## TASK TO COMPLETE
Beginning with the line below that contains "Sterling silver mint" and ending with the line that contains "Dimensions: 4 1/8 x", retype every line exactly. Pictures are not copied.

## EXTRACTED MATERIAL
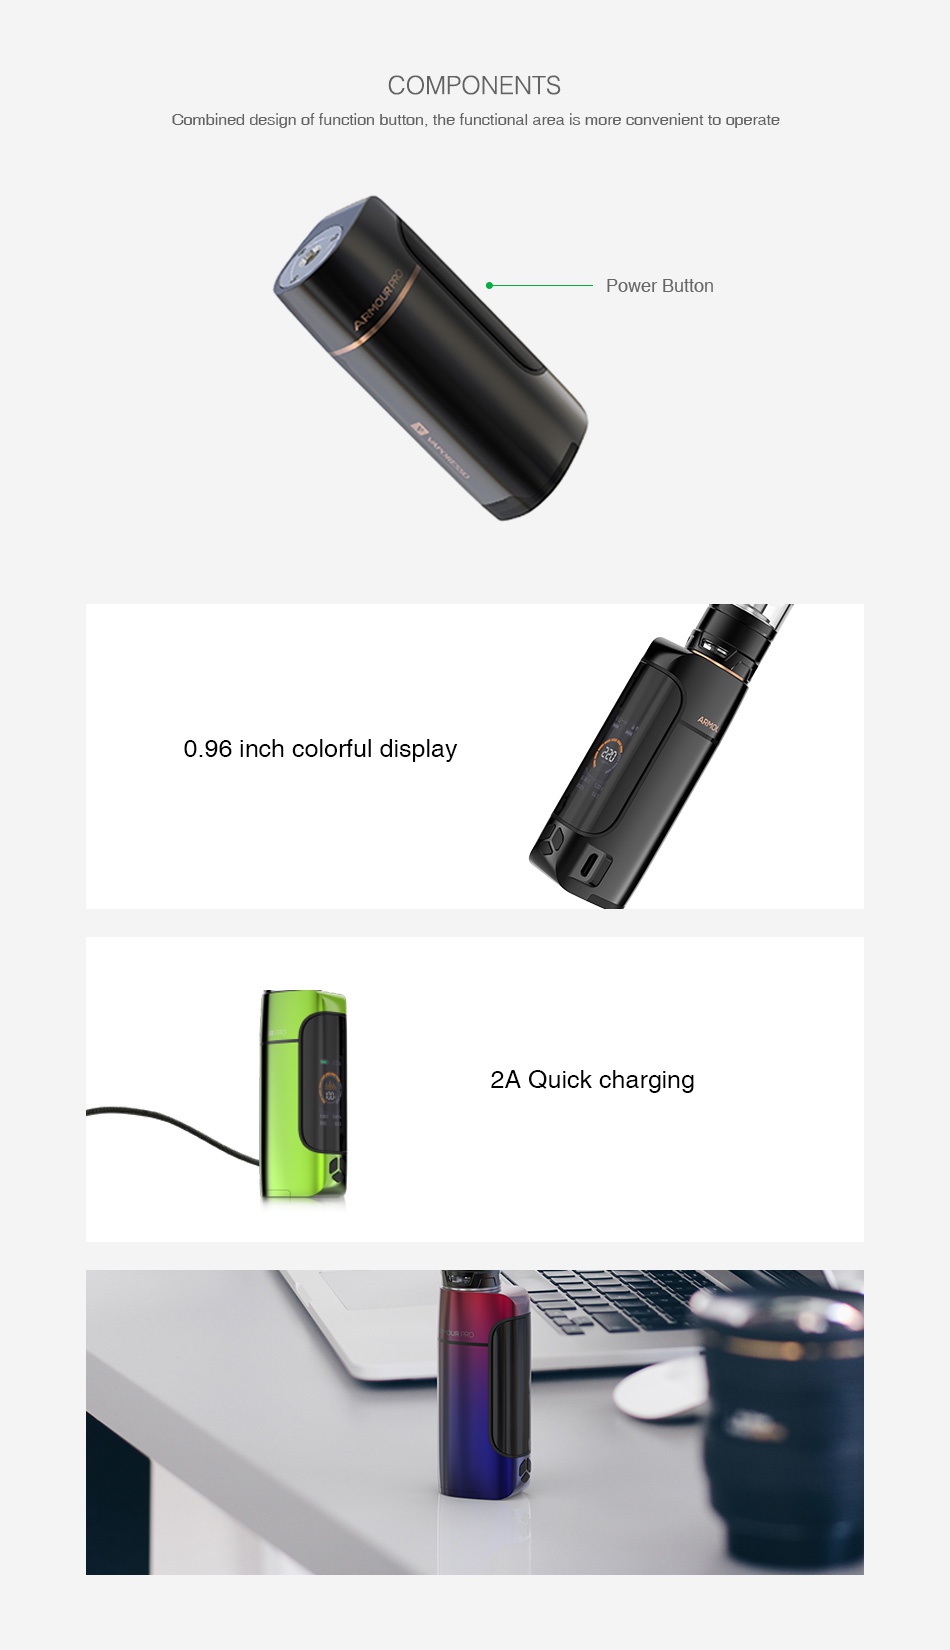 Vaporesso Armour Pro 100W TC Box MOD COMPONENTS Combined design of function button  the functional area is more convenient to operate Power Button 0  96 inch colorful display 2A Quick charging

...

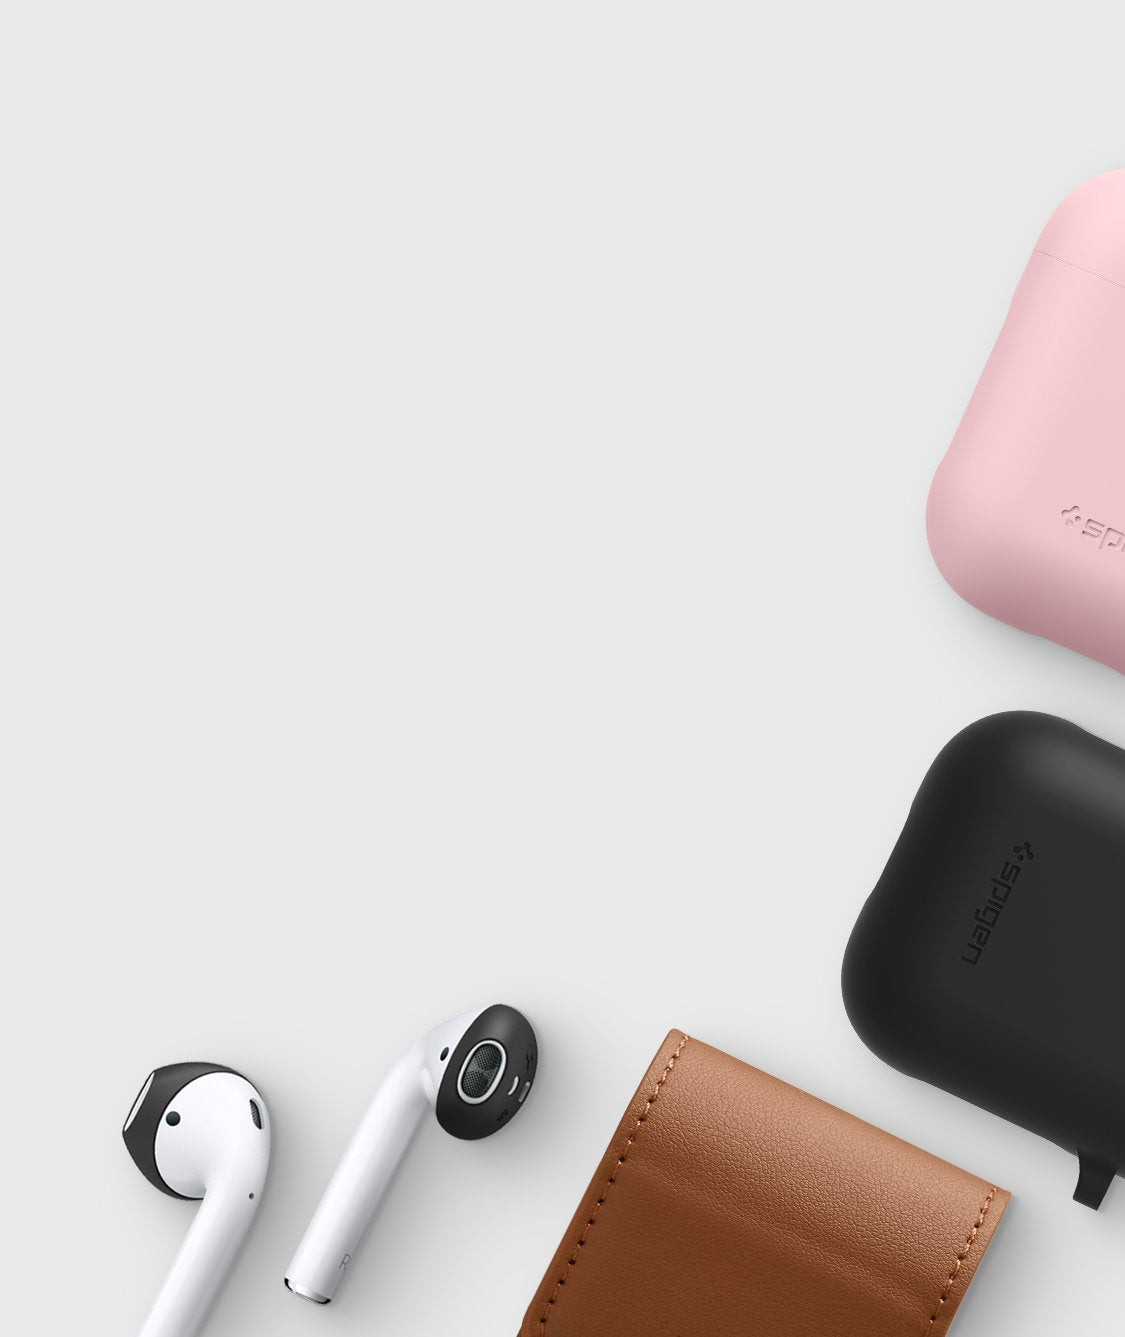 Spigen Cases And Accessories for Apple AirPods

--

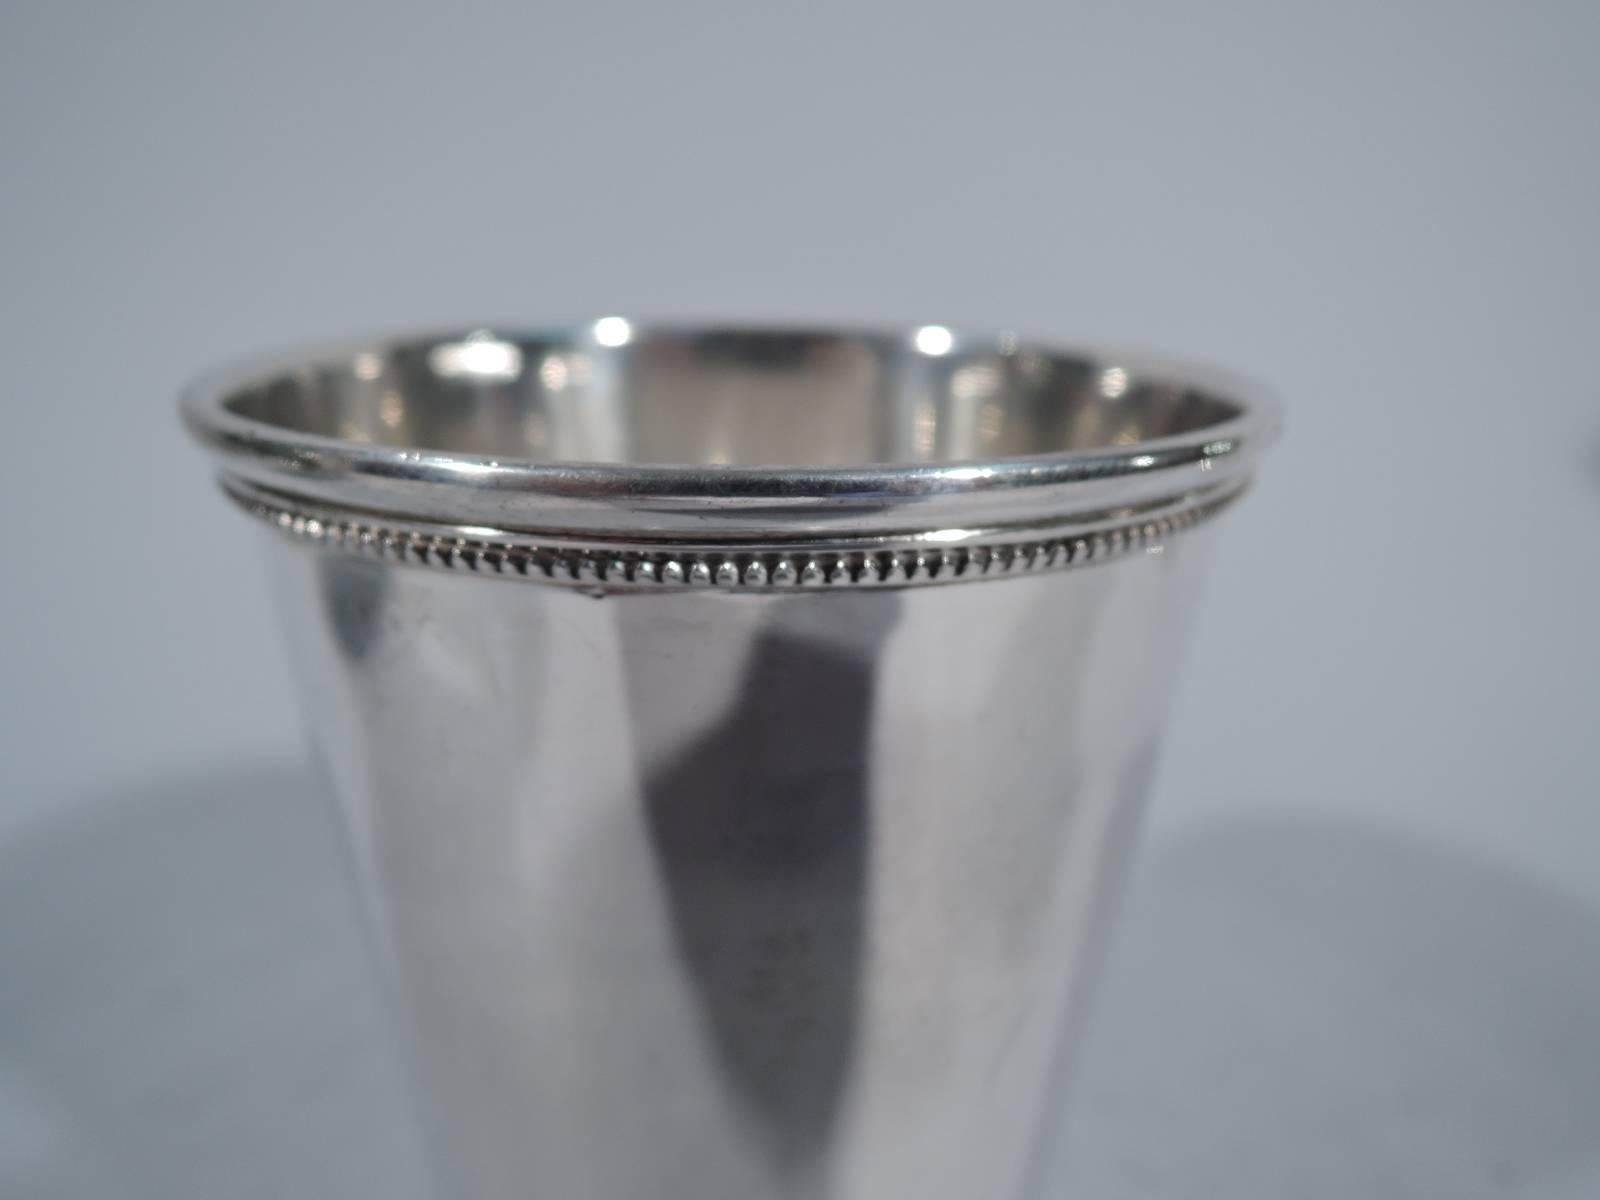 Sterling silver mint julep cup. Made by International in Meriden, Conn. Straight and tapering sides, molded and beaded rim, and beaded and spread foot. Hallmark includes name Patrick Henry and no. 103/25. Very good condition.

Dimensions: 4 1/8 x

## EXERCISE OUTPUT
 Sterling silver mint julep cup. Made by International in Meriden, Conn. Straight and tapering sides, molded and beaded rim, and beaded and spread foot. Hallmark includes name Patrick Henry and no. 103/25. Very good condition.

Dimensions: 4 1/8 x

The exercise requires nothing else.